In January, Rep. Jeff Denham (R-Calif.) introduced a bill that would provide legal status to illegal immigrants if they join the military. The Encourage New Legalized Immigrants to Start Training (ENLIST) Act (H.R. 60) would allow "Dreamers" to receive lawful permanent resident (LPR) status in exchange for military service.

While promoted by some of its supporters as a solution to our military preparedness problem, the ENLIST Act is amnesty—little more than a backdoor promise of citizenship for those who came here illegally. The bill would further damage our broken immigration system by putting those in violation of the law ahead of those who want to come to our country legally. It is difficult to argue that such an arrangement advances U.S. national security objectives. Conservatives should oppose the ENLIST Act and fight any effort by Rep. Denham or others to attach the bill to the annual National Defense Authorization Act (NDAA) later this year.

Below are some commonly made claims and straightforward conservative responses:

Claim: The ENLIST Act does not provide backdoor amnesty, only lawful permanent resident status.

Response: Once an illegal immigrant acquires LPR status through this bill, they are eligible to apply for citizenship on an expedited basis and become citizens within months. Heritage Foundation Senior Legal Fellow Charles Stimson explains:

"[S]ections 328 and 329 of the Immigration and Nationality Act (INA) allow LPRs to apply for expedited naturalization either after one year of military service or after one day of military hostilities, respectively. Thus, if the ENLIST Act were passed in its current form, illegal immigrants who signed up for military service would obtain LPR status immediately and, after one day of service during conflict, could apply for expedited citizenship. That process takes only a matter of months."

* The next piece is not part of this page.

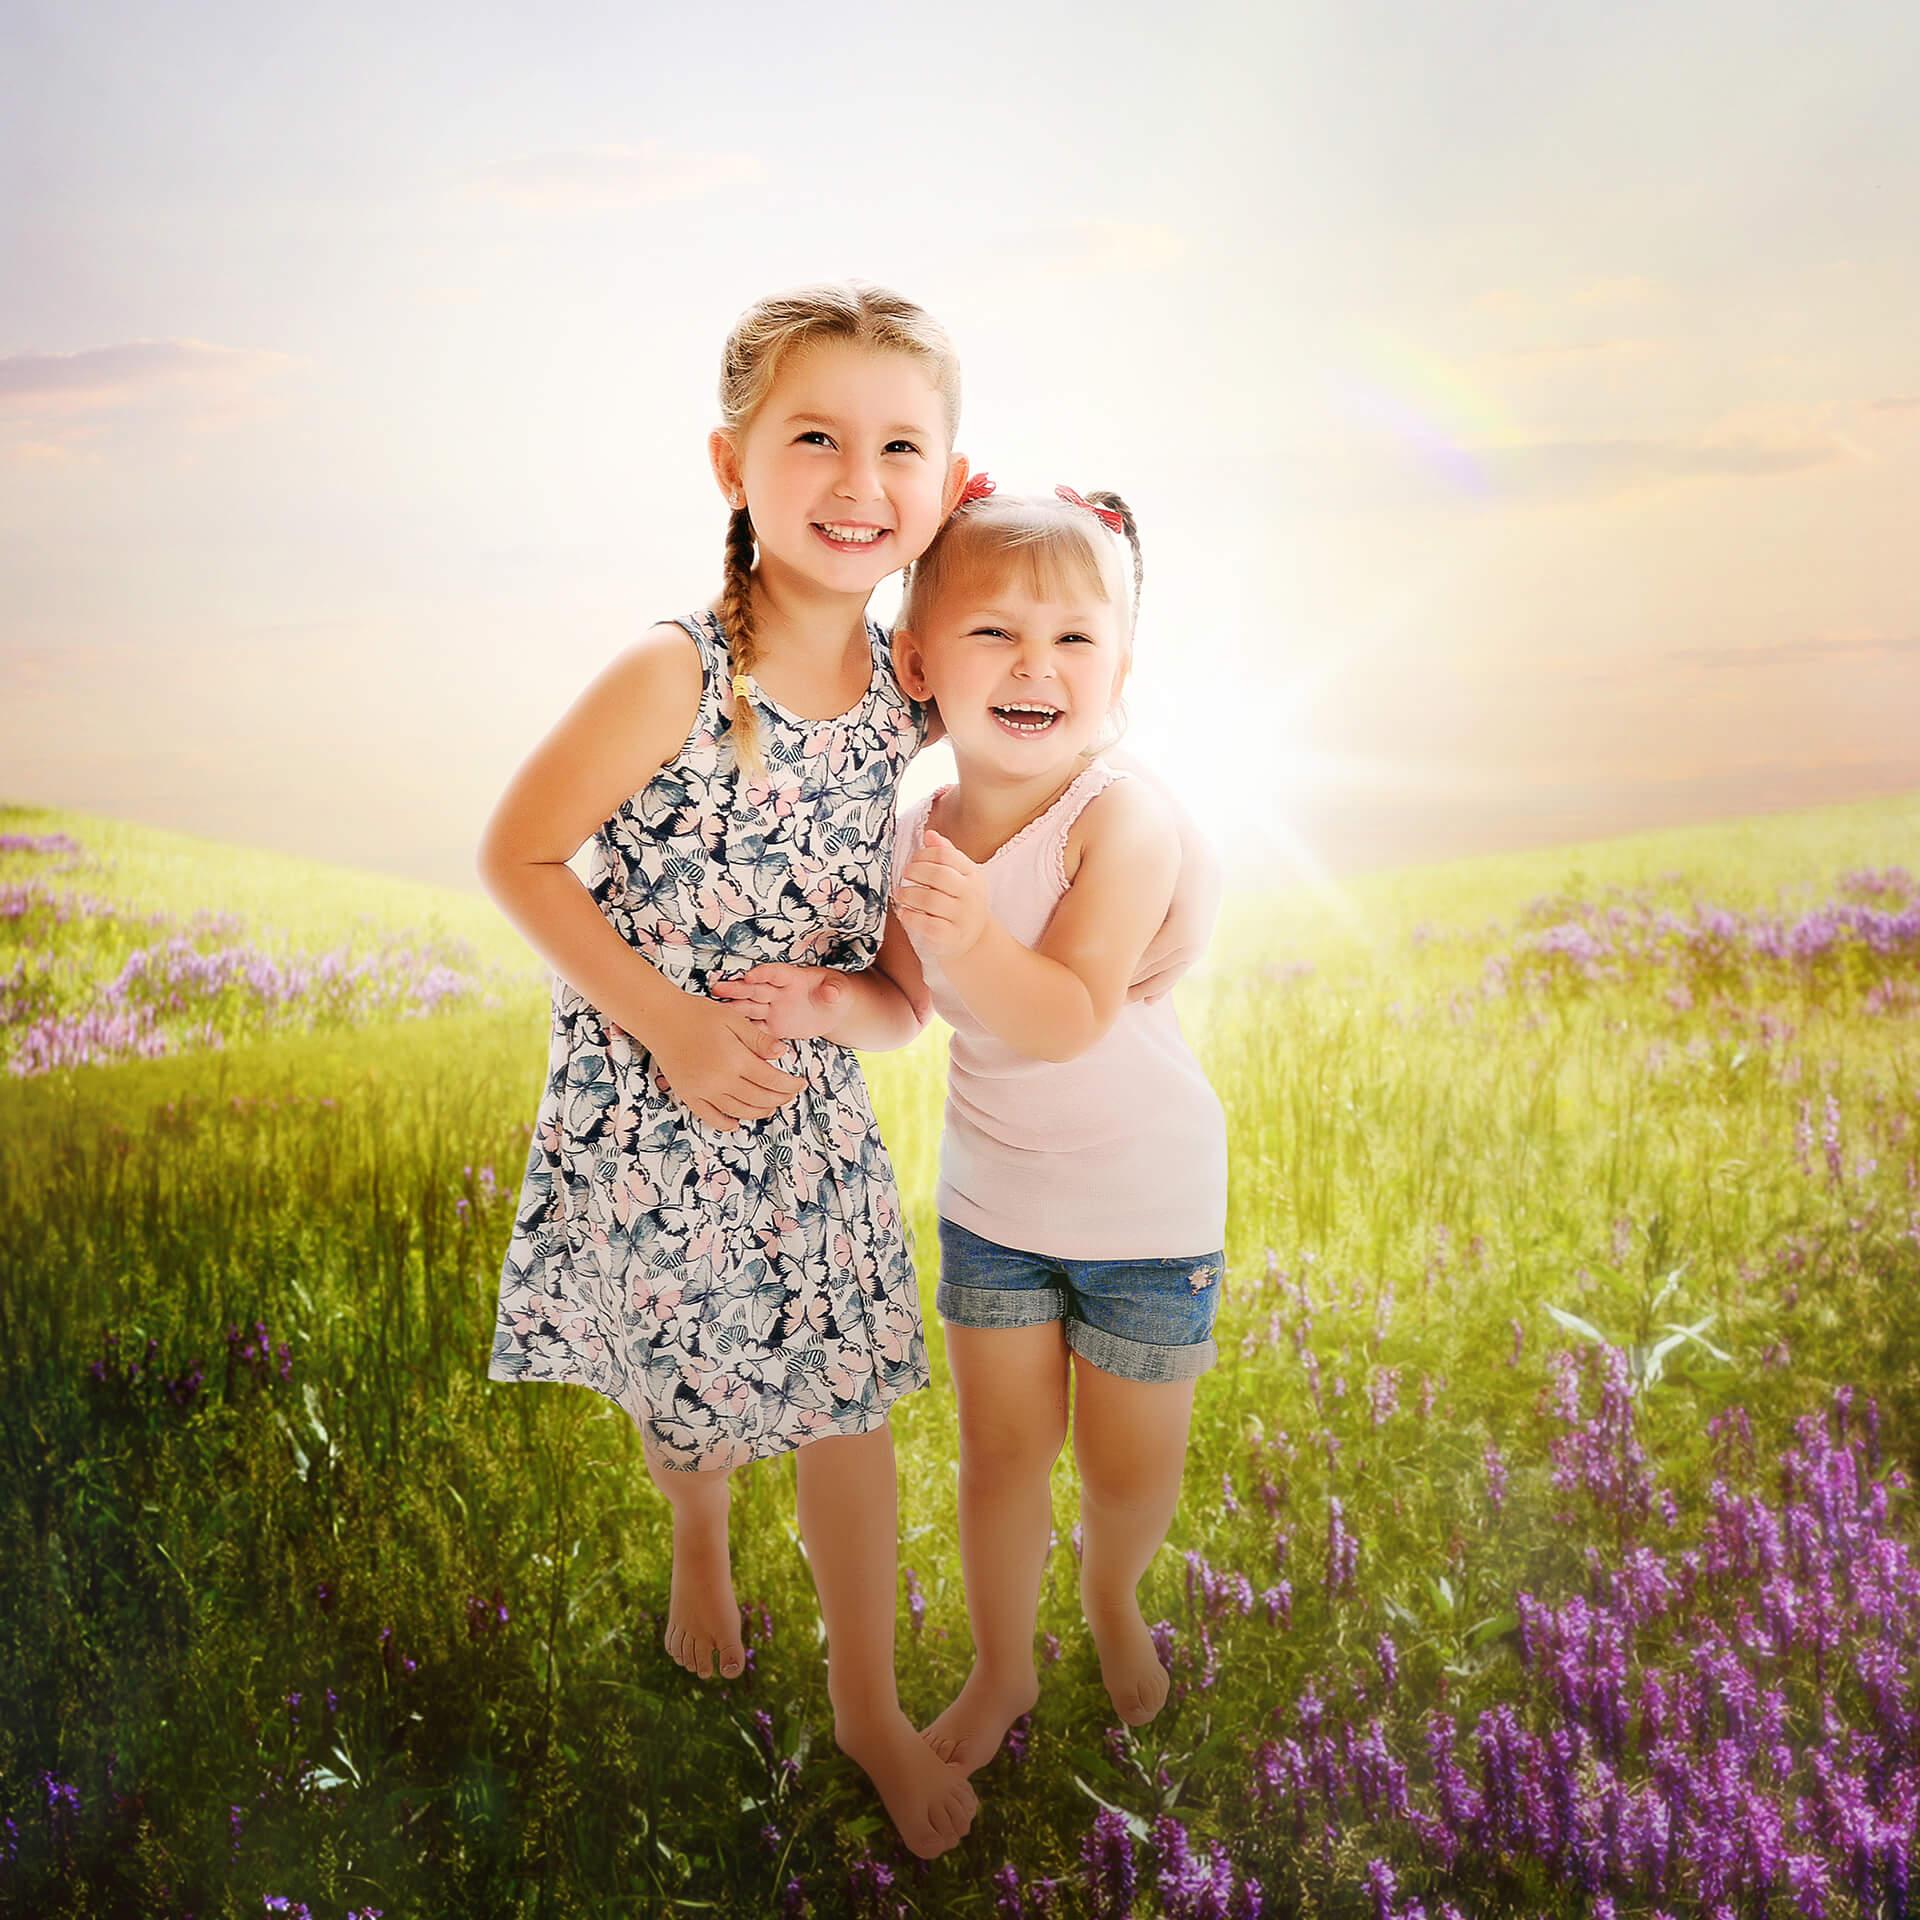 kids photoshoot horthampton kline studios
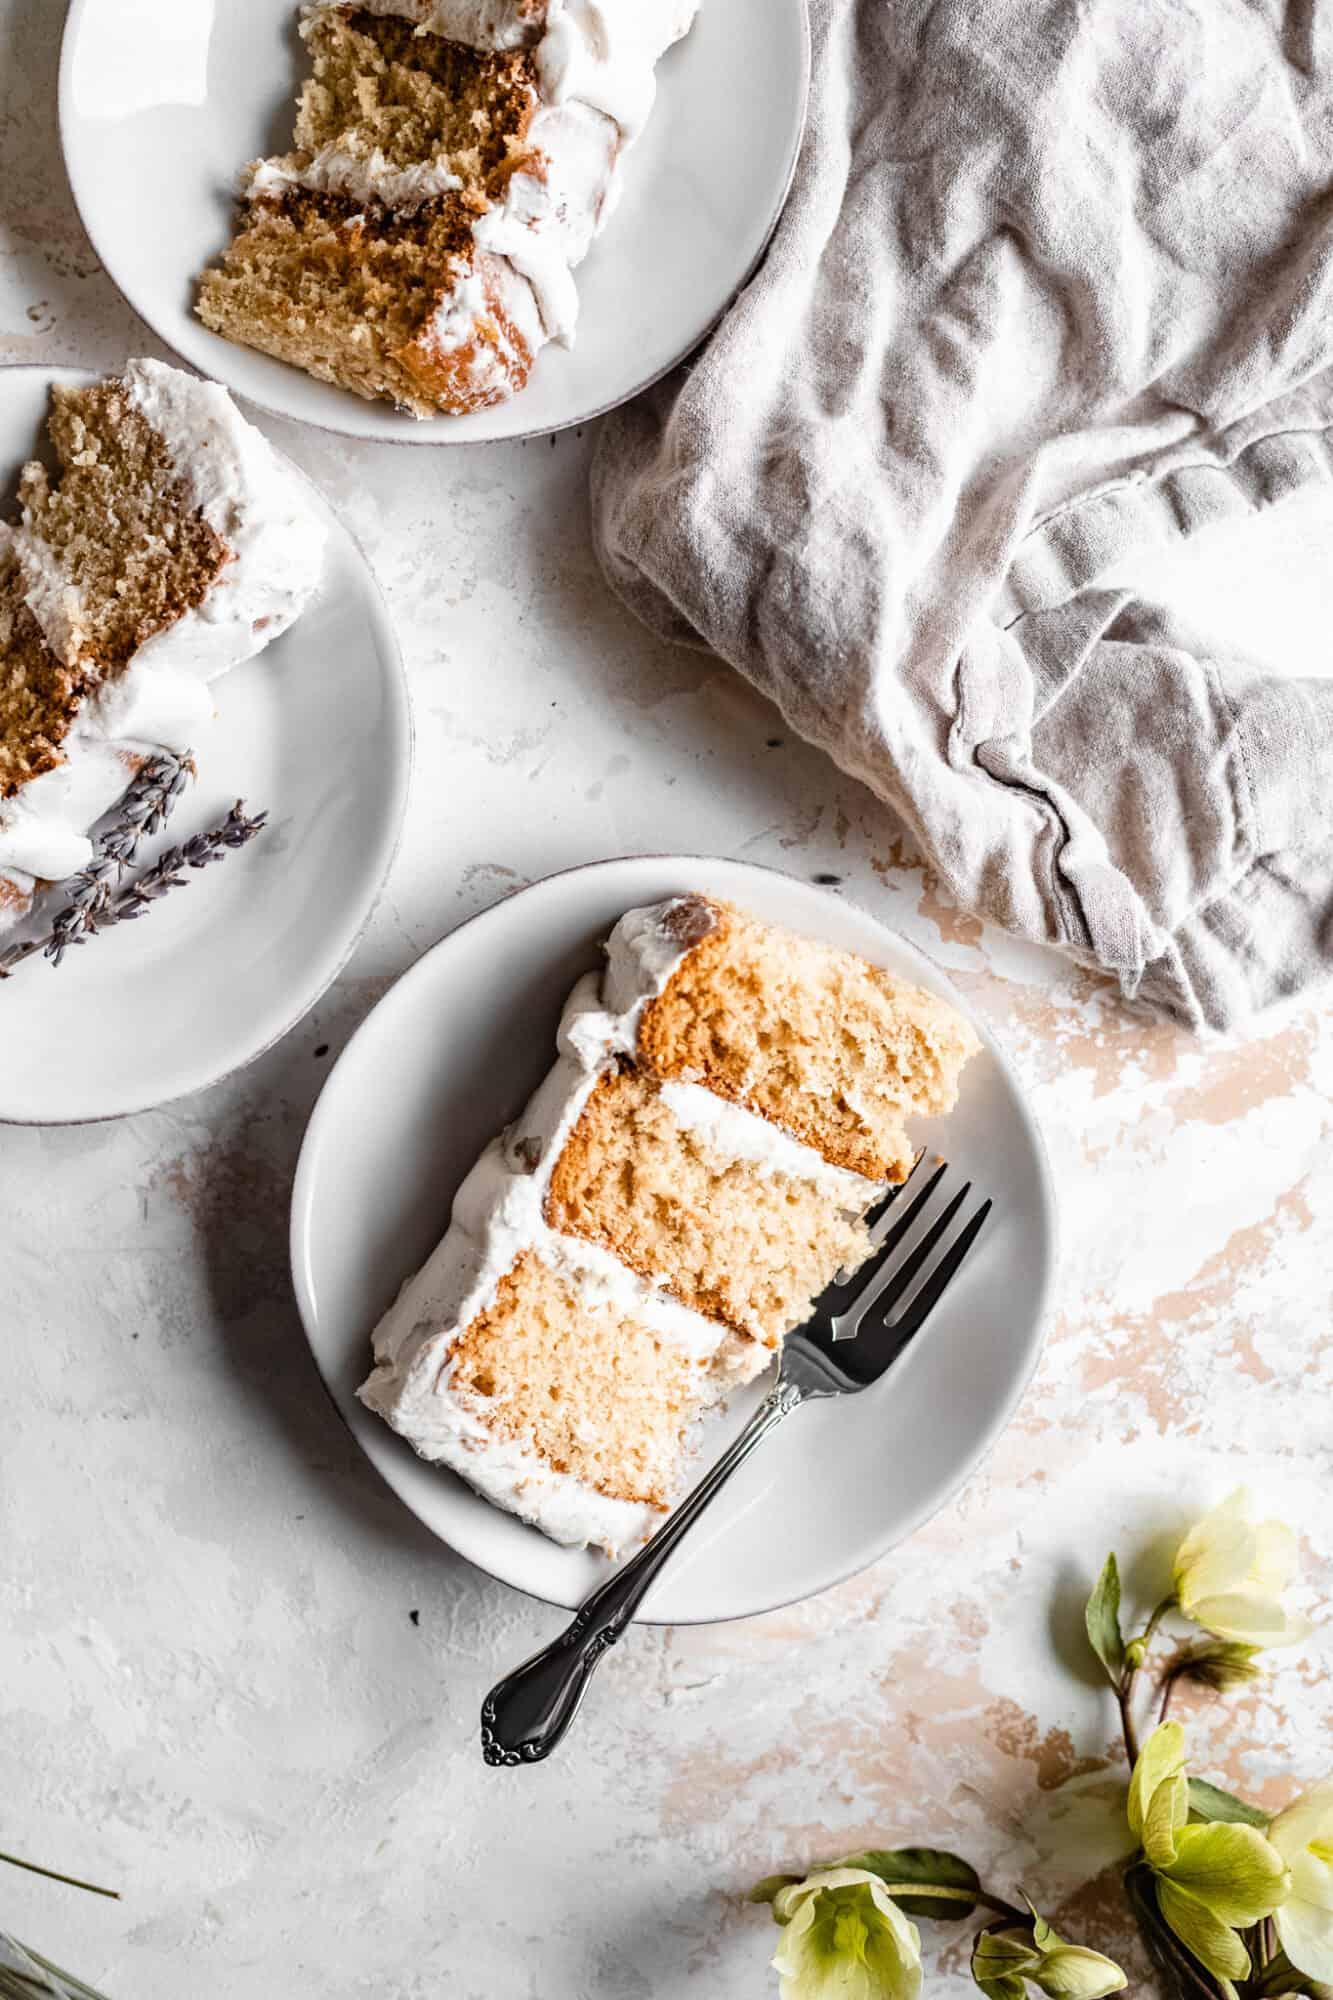 slices of vegan cake

Claim: Earning legal status by serving in the military is not amnesty. 

Response: The ENLIST Act turns the notion of an all-volunteer military on its head. Wade Miller, a Marine combat veteran and South Central Regional Coordinator for Heritage Action, explains it would "undermine the important social narrative that allows our all-volunteer military to thrive, namely that service is a benefit, as opposed to a punishment." Miller continues:

"It is a privilege to serve in America's all volunteer force, and that service instills some of the most valuable virtues a citizen could hope for in a Republic. Military service also builds within one the vital moral warrior ethos that every peaceful society must maintain. The United States government also spends significant amounts of money to impart enduring skills on military servicemen and women. The financial compensation for my time in the military pales in comparison to the betterment of my character that military service and combat experience gave me.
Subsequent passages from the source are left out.